Roma заставляет плакать, но делает это не совсем честно
Когда эмоциональное пресыщение идёт во вред.
Альфонсо Куарон — визионер. Эти пролёты камерой и долгие планы, заставляющие актёров не расслабляться и играть в полную силу, этот акцент на мелочах и быте людей — всё это делает его фильмы живыми, погружает тебя внутрь. «Гарри Поттер и узник Азкабана» — лучшее, что случалось с «Гарри Поттером» в кино. «Гравитация» — потрясающий фильм, показывающий космос во всём его великолепии и кошмаре. То же можно сказать о «Дитя человеческое», только применительно к постапок-фантастике.

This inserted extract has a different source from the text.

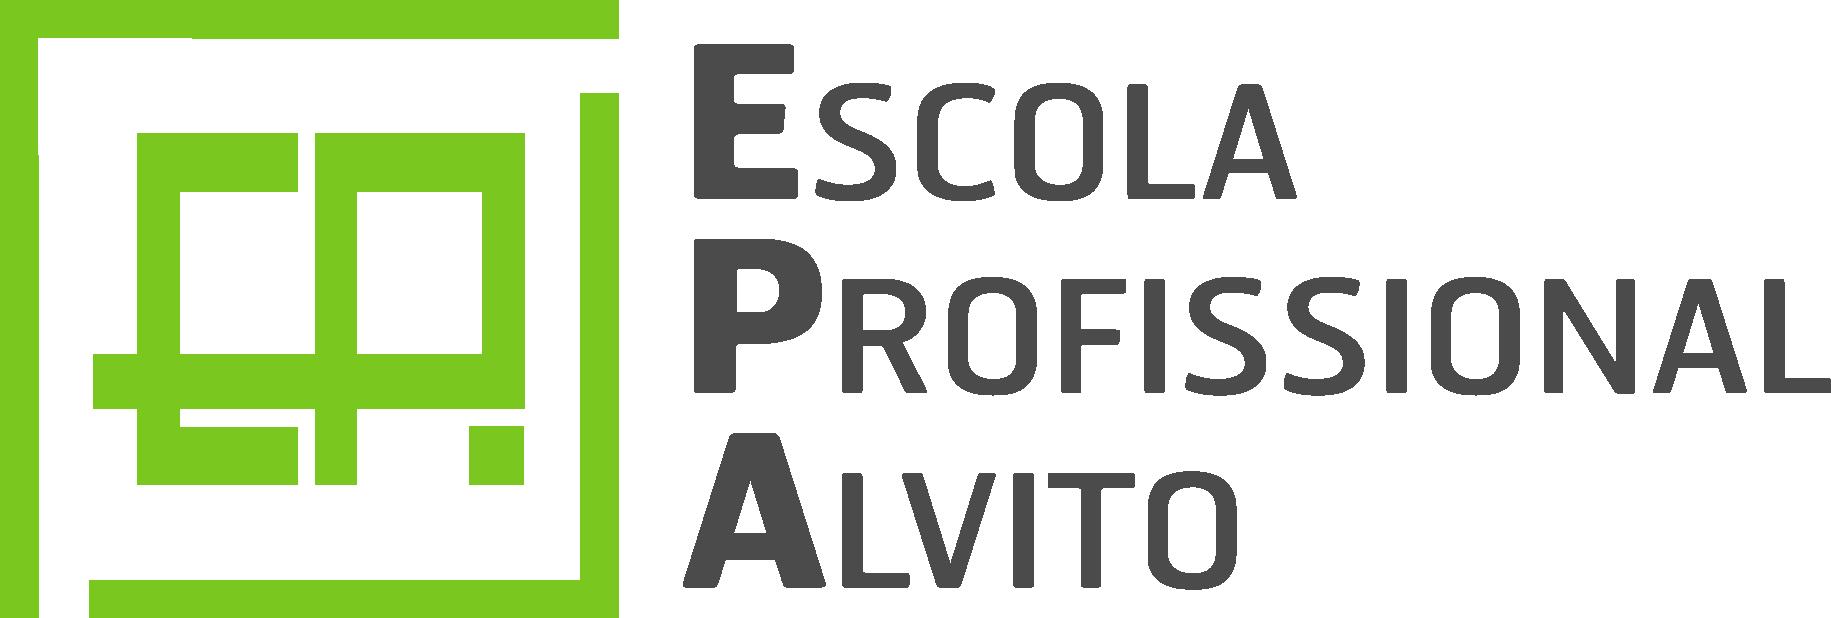 LOGO - EPA

Но с Roma, обласканным критиками фильмом о трагедии мексиканской семьи, всё несколько иначе. Несомненно, это всё ещё исключительно визионерское произведение, которое в этот раз Куарон к тому же ещё и снимал лично — это первая его полнометражная работа в роли оператора. К тому же, это стопроцентно авторское кино, образы для которого Куарон черпал в детских воспоминаниях.
«Рома» рассказывает историю служанки — печальную, трагичную, но в то же время добрую. Он не поднимает темы социального расслоения или ущемления, как можно было бы решить по трейлерам, но точечно давит на эмоции зрителя — использует массу стереотипов, неизбежно выбивающих слёзы. И это, на мой взгляд, нечестно.
У Куарона есть несколько сильных и оригинальных образов: например, собачьи фекалии во дворе дома, которые главная героиня, служанка Клео, не успевает убирать, и в которые в последствии наступает глава семейства.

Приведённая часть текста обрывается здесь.